/dotwhisker

Goal

Generate a publication-ready dot-whisker plot (coefficient plot) showing regression estimates with confidence intervals, following AJPS style guidelines.

Preparation

Collect the following parameters from the user:

Parameter	Required	Default	Description
`data`	Yes	-	CSV with columns: term, estimate, std.error (or conf.low, conf.high)
`model`	No	-	Column name for model identifier (for multi-model comparison)
`ci_level`	No	0.95	Confidence interval level
`reference`	No	0	Reference line position
`reorder`	No	`false`	Reorder variables by estimate size
`title`	No	-	Chart title
`xlabel`	No	`Coefficient Estimate`	X-axis label
`output`	No	`paper/figures/dotwhisker`	Output file path
`width`	No	6	Figure width in inches
`height`	No	5	Figure height in inches

Data Format

Input CSV should have these columns:

term: Variable names
estimate: Point estimates
std.error: Standard errors (will compute CI as estimate +/- 1.96*SE)
OR conf.low, conf.high: Pre-computed confidence interval bounds
model (optional): Model identifier for multi-model plots

Execution Steps

Load and prepare data

import pandas as pd
import matplotlib.pyplot as plt
import matplotlib as mpl
import numpy as np
from pathlib import Path
from scipy import stats

data = pd.read_csv('{{data}}')

# Compute confidence intervals if not provided
ci_level = float('{{ci_level}}' or 0.95)
z_score = stats.norm.ppf((1 + ci_level) / 2)

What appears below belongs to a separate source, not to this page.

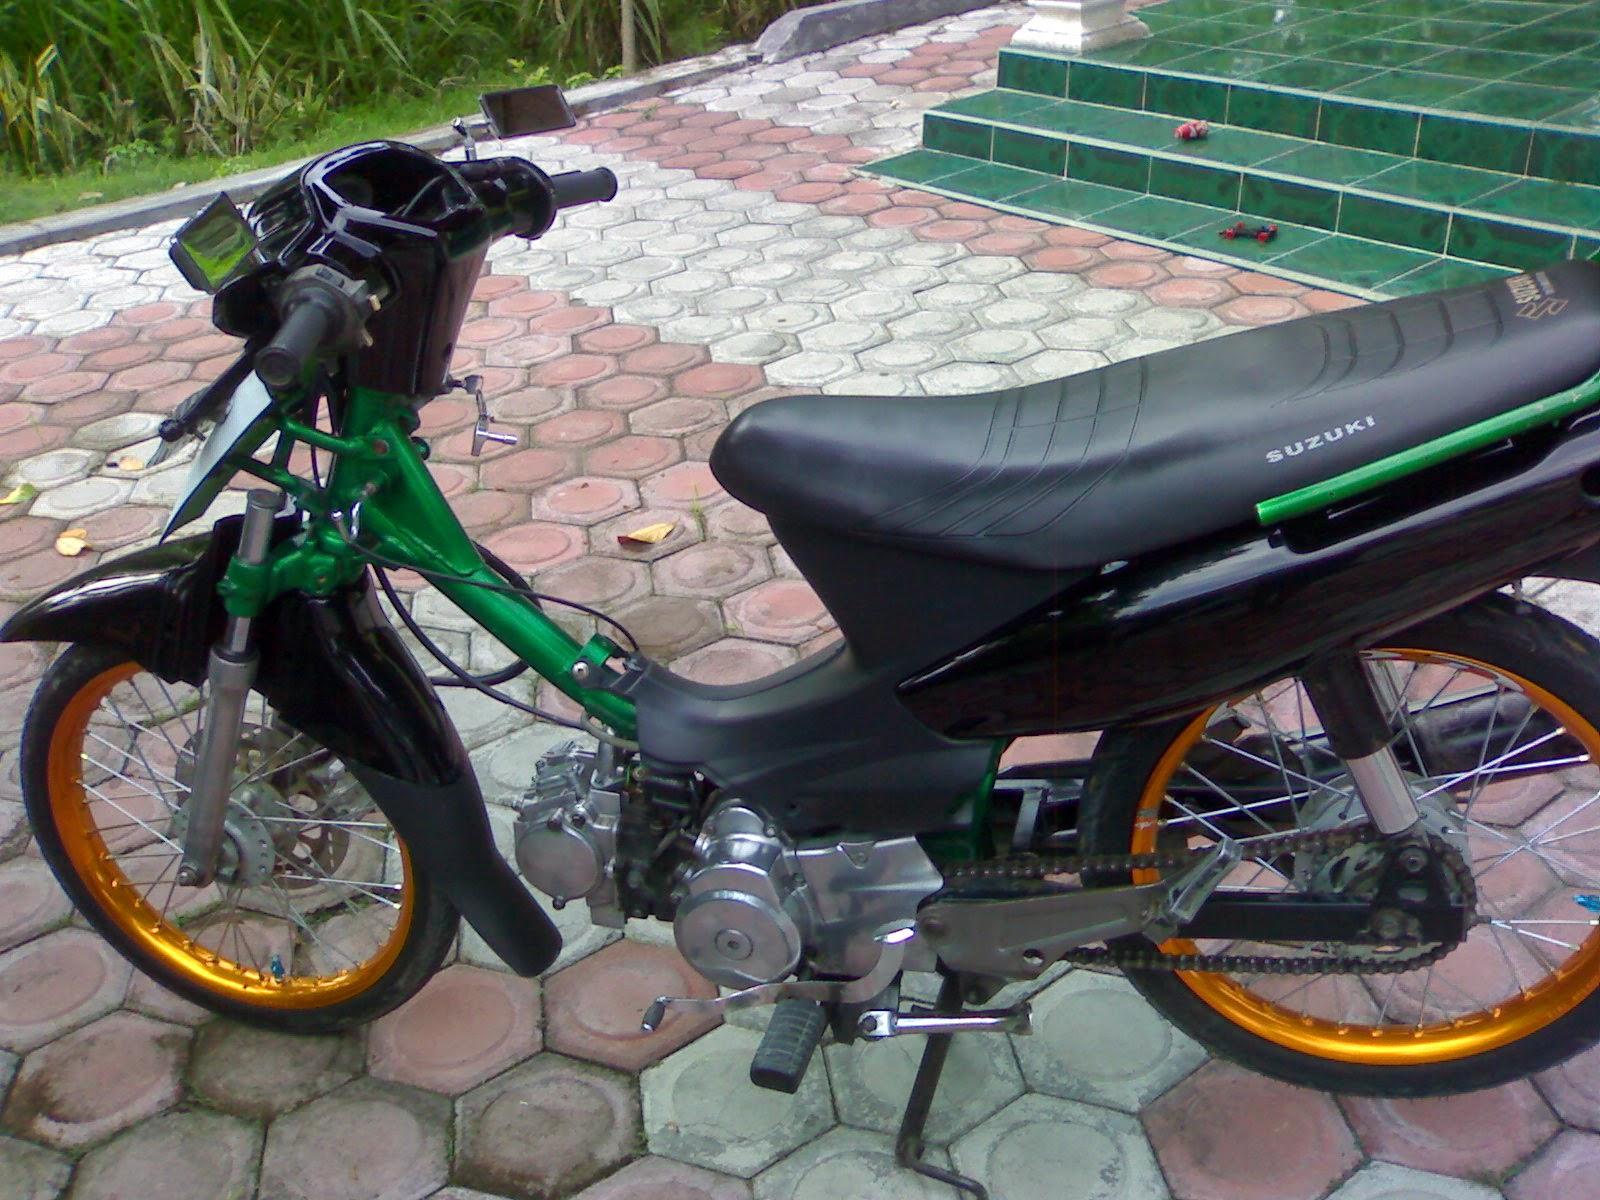 Modifikasi Motor Suzuki Shogun Kebo Wacana Modif Motor

if 'conf.low' not in data.columns:
    data['conf.low'] = data['estimate'] - z_score * data['std.error']
    data['conf.high'] = data['estimate'] + z_score * data['std.error']

Configure academic style

plt.rcParams['font.sans-serif'] = ['STFangsong', 'SimSun', 'PingFang SC', 'SimHei']
plt.rcParams['font.family'] = 'sans-serif'
plt.rcParams['axes.unicode_minus'] = False

mpl.rcParams.update({
    'font.size': 11,
    'axes.linewidth': 0.8,
    'axes.spines.top': False,
    'axes.spines.right': False,
    'axes.grid': True,
    'grid.alpha': 0.3,
    'legend.frameon': False,
    'savefig.dpi': 300,
    'savefig.bbox': 'tight'
})

COLORS = ['#000000', '#7F7F7F']
MARKERS = ['o', 's', '^', 'D']

Generate dot-whisker plot

fig, ax = plt.subplots(figsize=({{width}}, {{height}}))

model_col = '{{model}}' if '{{model}}' else None
reference = float('{{reference}}' or 0)
reorder = '{{reorder}}' == 'true'

if reorder:
    data = data.sort_values('estimate', ascending=True)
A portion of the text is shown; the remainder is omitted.